DATA SECTION
+ + + +

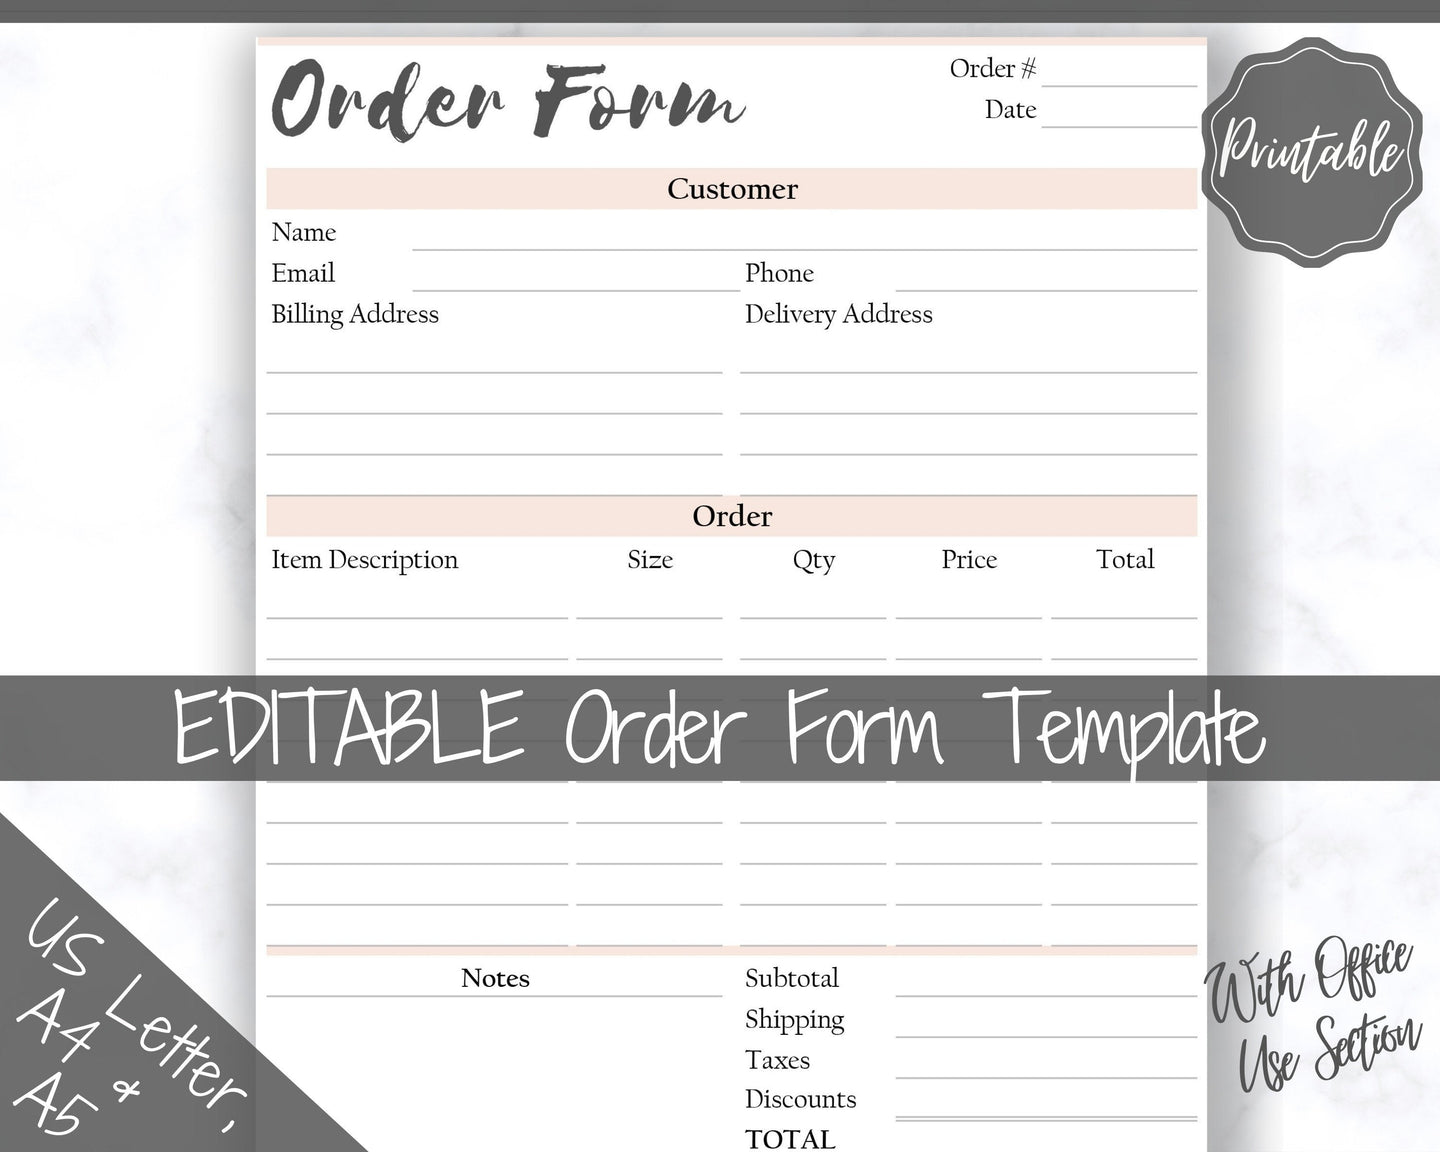 Order Form Template. EDITABLE PINK Customer Sales Order Invoice. Printable Invoice. Ordering Form Receipt. PDF Instant Digital Download | Style 3
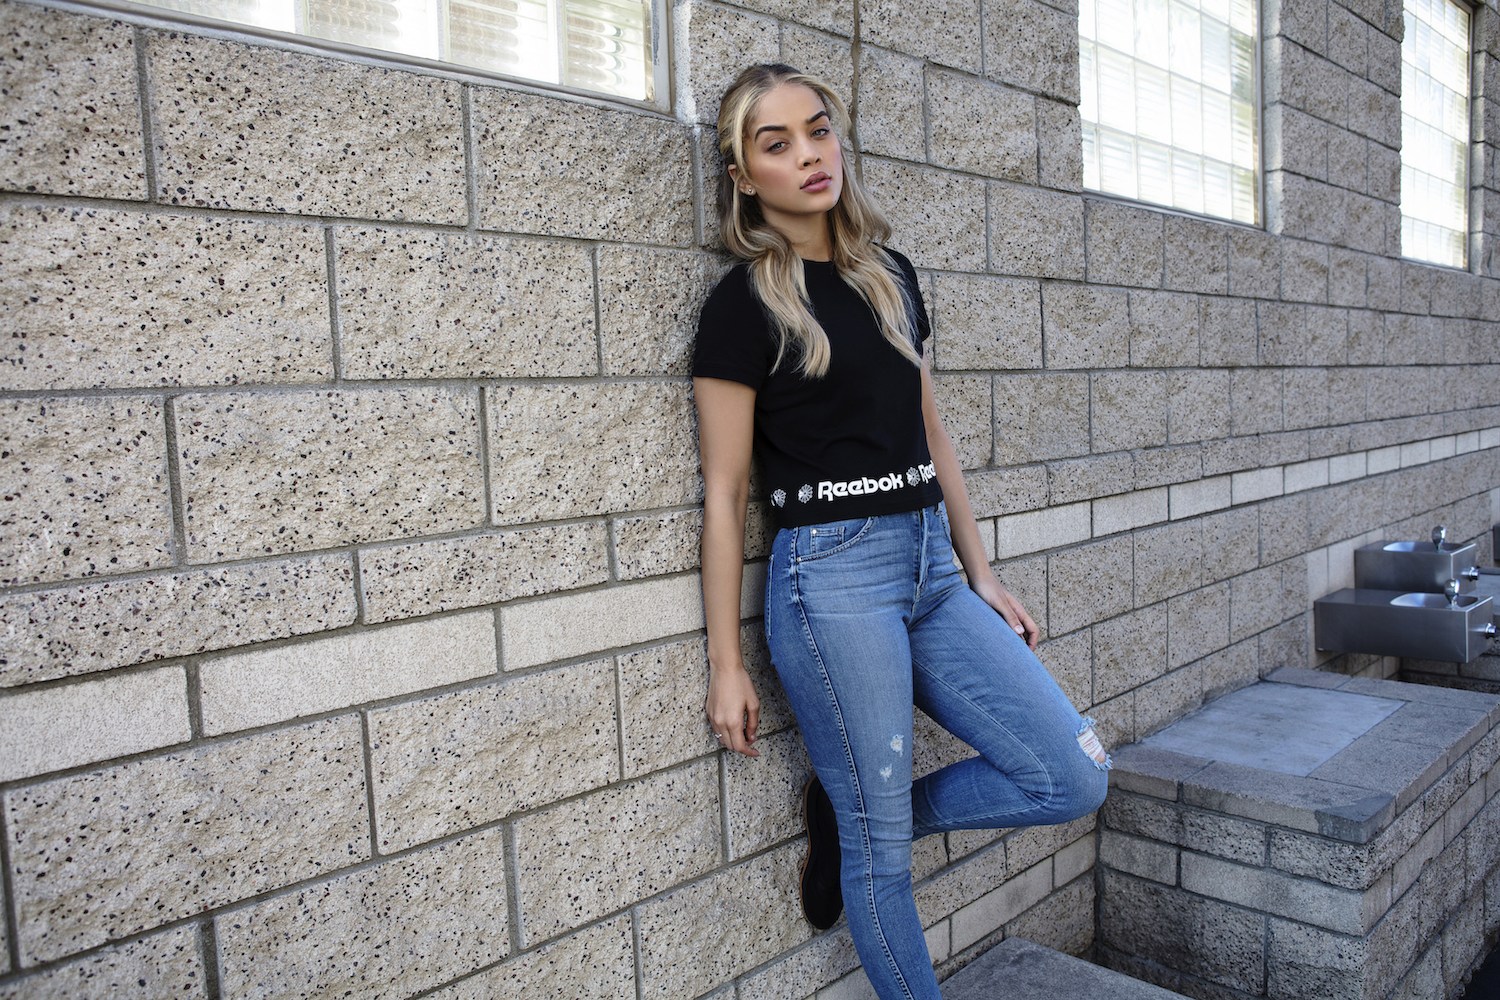 People 1500x1000 women model blonde long hair Jasmine Sanders jeans Reebok T-shirt bricks wall
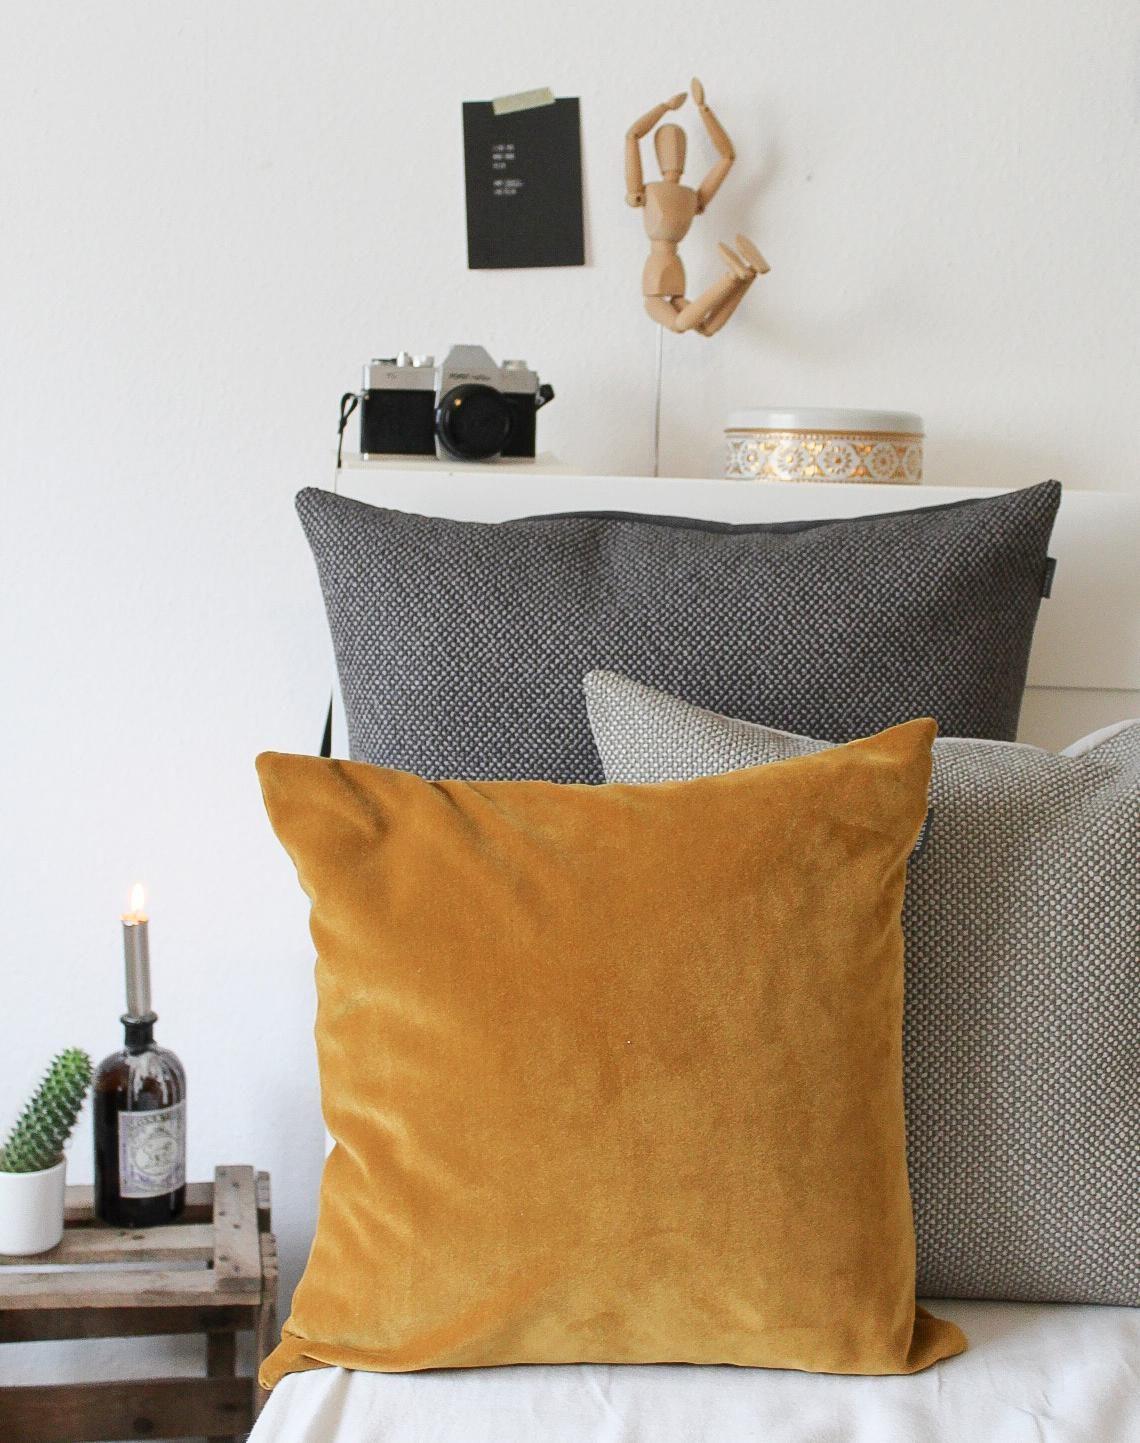 Cosy!
#interior #madeingermany #cushion #skandistyle #velvet #designmadeingermany #ilovedesign

+ + + +

EXERCISE
Keep the pictures out of your copy. Copy only the lines from the line that holds "People 1500x1000 women" through the last line of the listing above, both included.

EXERCISE RESULT
 People 1500x1000 women model blonde long hair Jasmine Sanders jeans Reebok T-shirt bricks wall
 Cosy!
#interior #madeingermany #cushion #skandistyle #velvet #designmadeingermany #ilovedesign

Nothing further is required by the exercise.